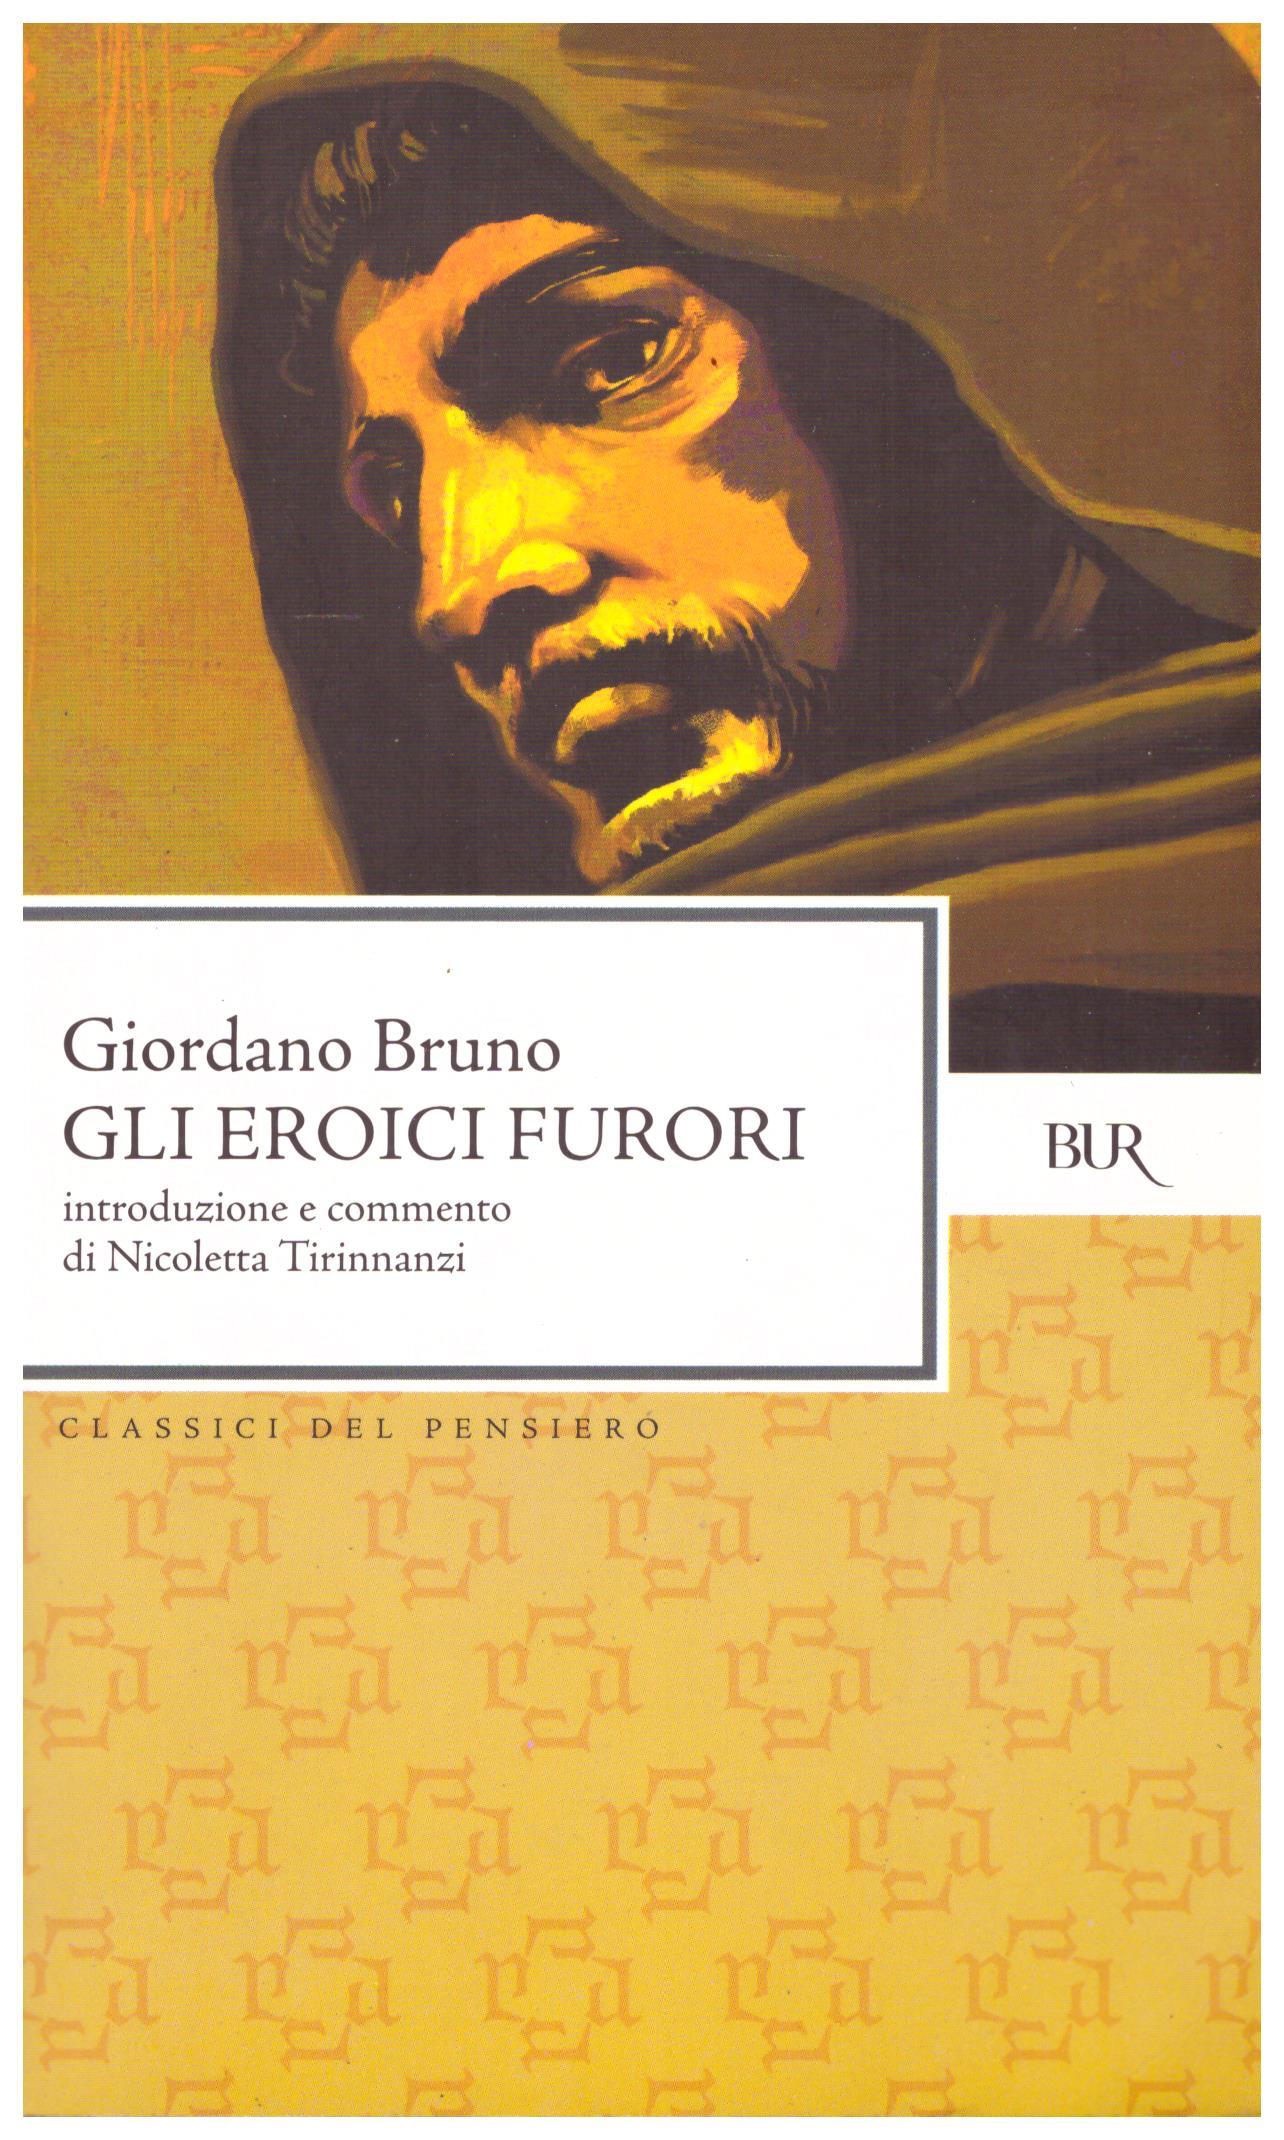 Titolo: Gli eroici furori Autore: Giordano Bruno  Editore: BUR, 2006
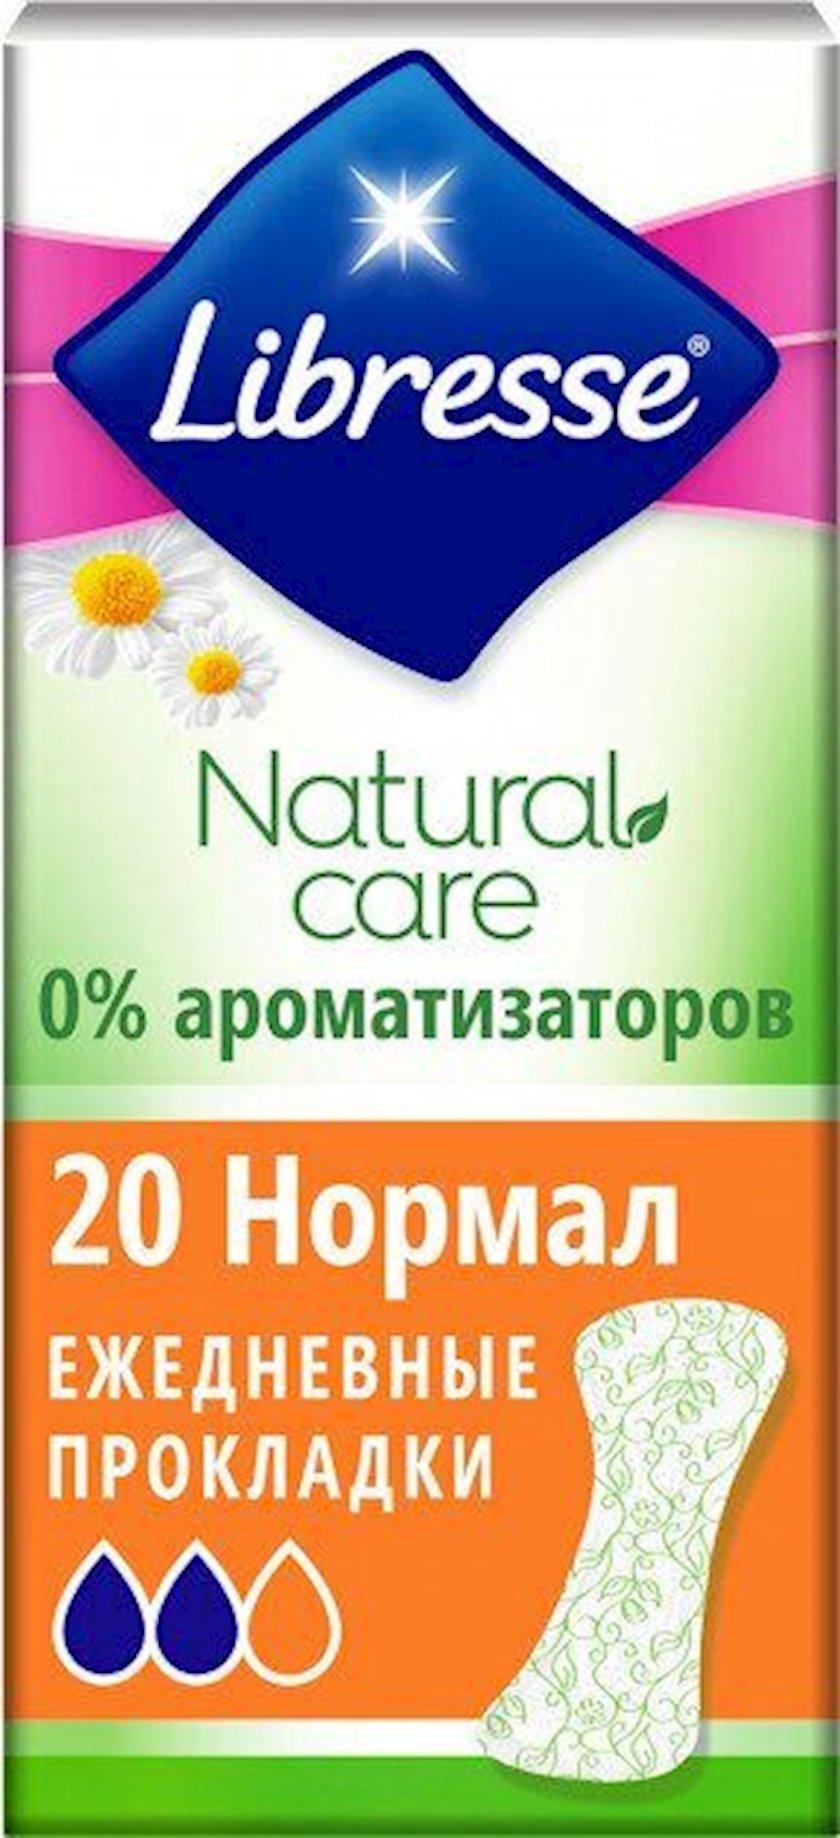 Gündəlik bezlər Libresse Natural Care, 20 əd.
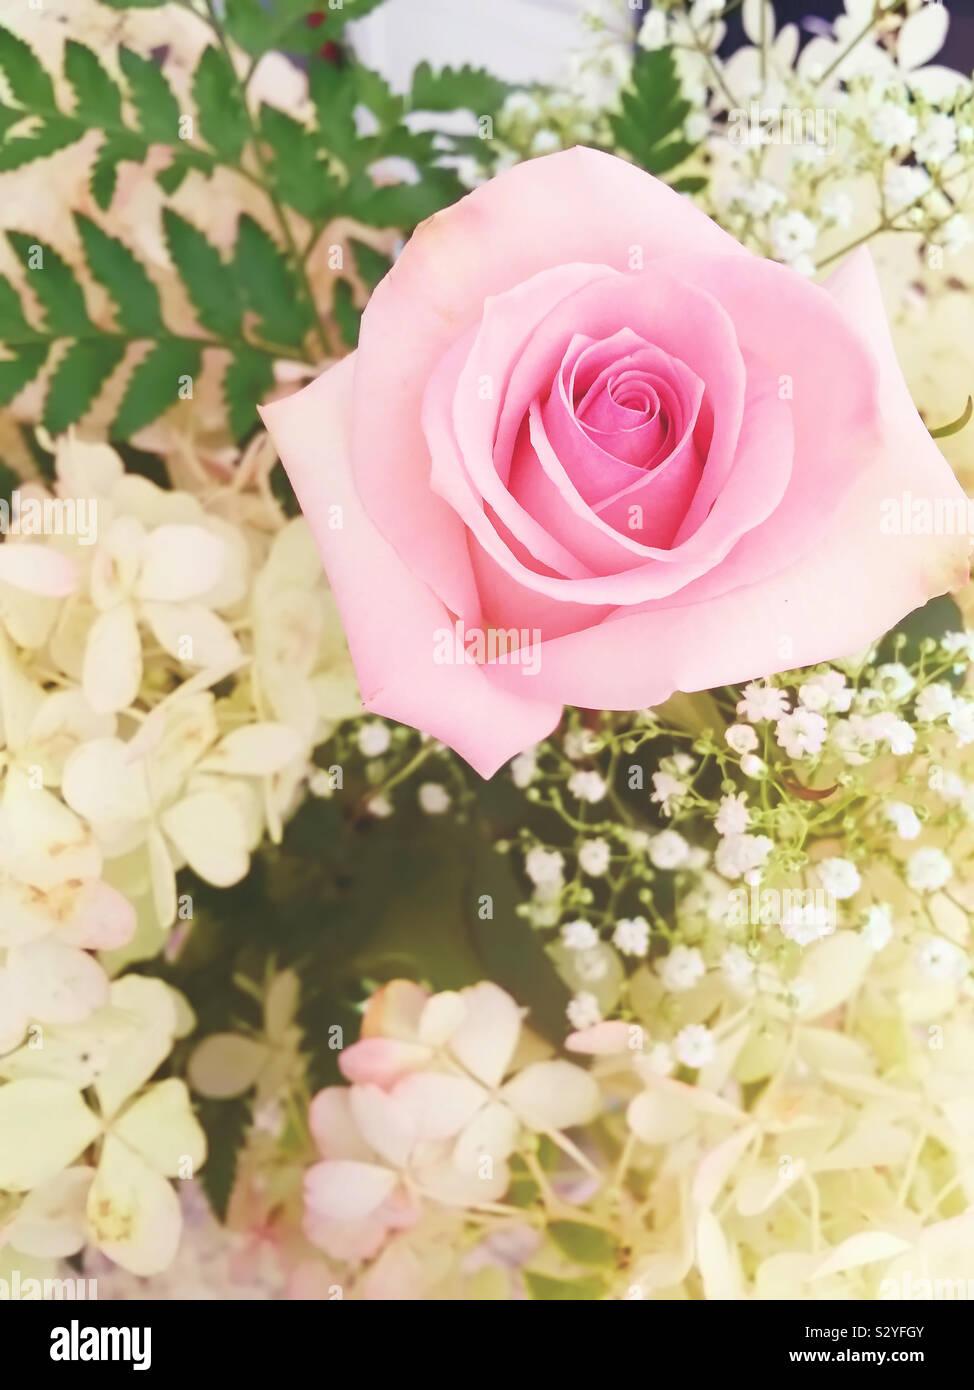 Una rosa rosa circondato da fiori bianchi in una disposizione del fiore. La messa a fuoco in primo piano e il rosa rosa. Foto Stock
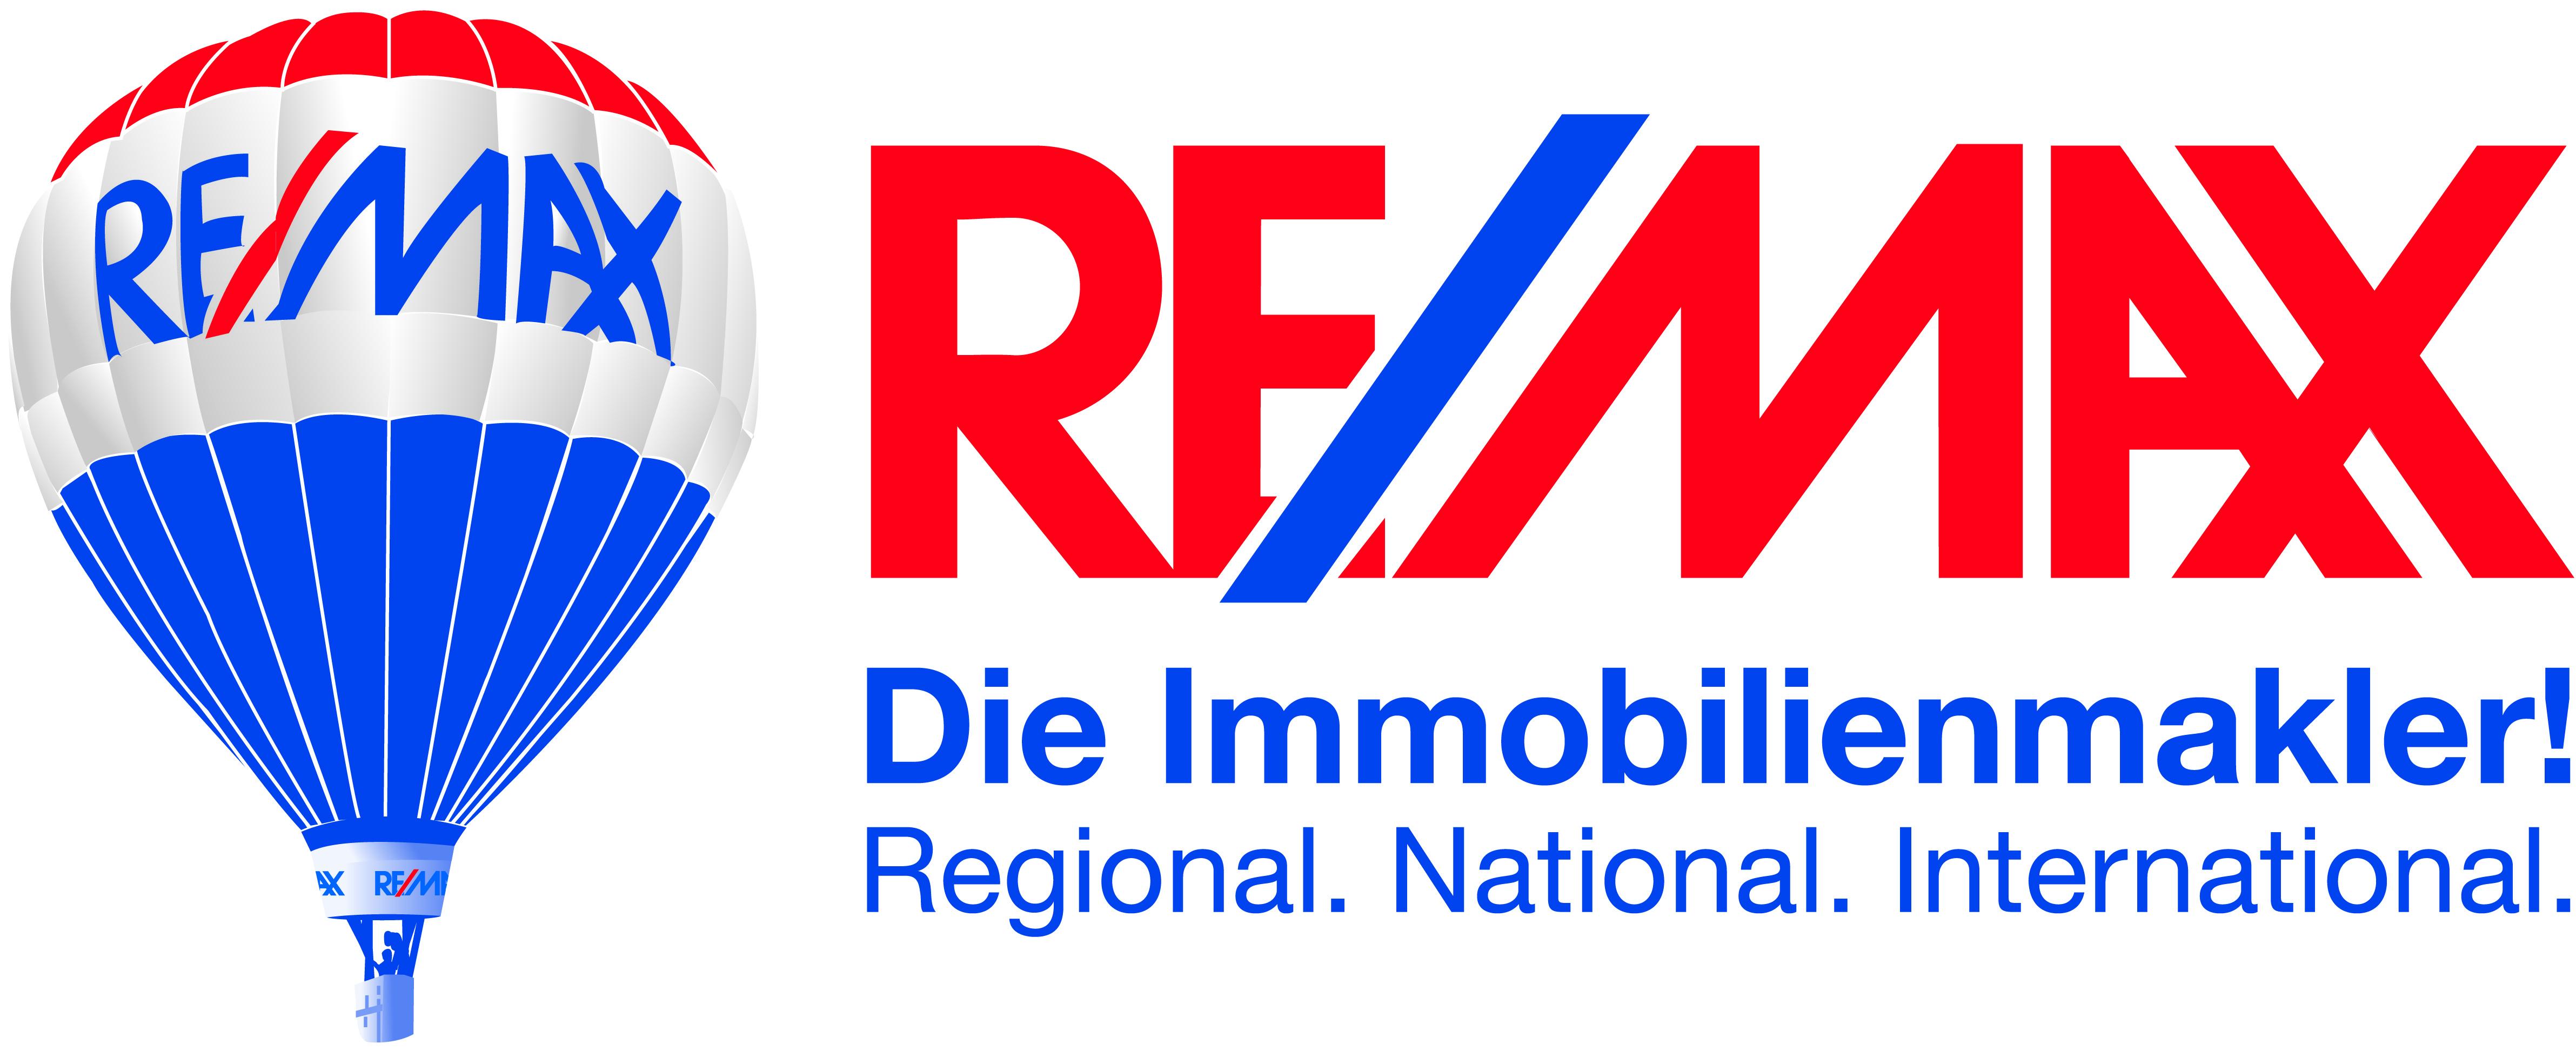 Hier sehen Sie das Logo von RE/MAX Ansbach & Stein
※ ※ ※
Leave out the pictures, then return every line of the data exactly.

> Your response
 Titolo: Gli eroici furori Autore: Giordano Bruno  Editore: BUR, 2006
 Gündəlik bezlər Libresse Natural Care, 20 əd.
 Una rosa rosa circondato da fiori bianchi in una disposizione del fiore. La messa a fuoco in primo piano e il rosa rosa. Foto Stock
 Hier sehen Sie das Logo von RE/MAX Ansbach & Stein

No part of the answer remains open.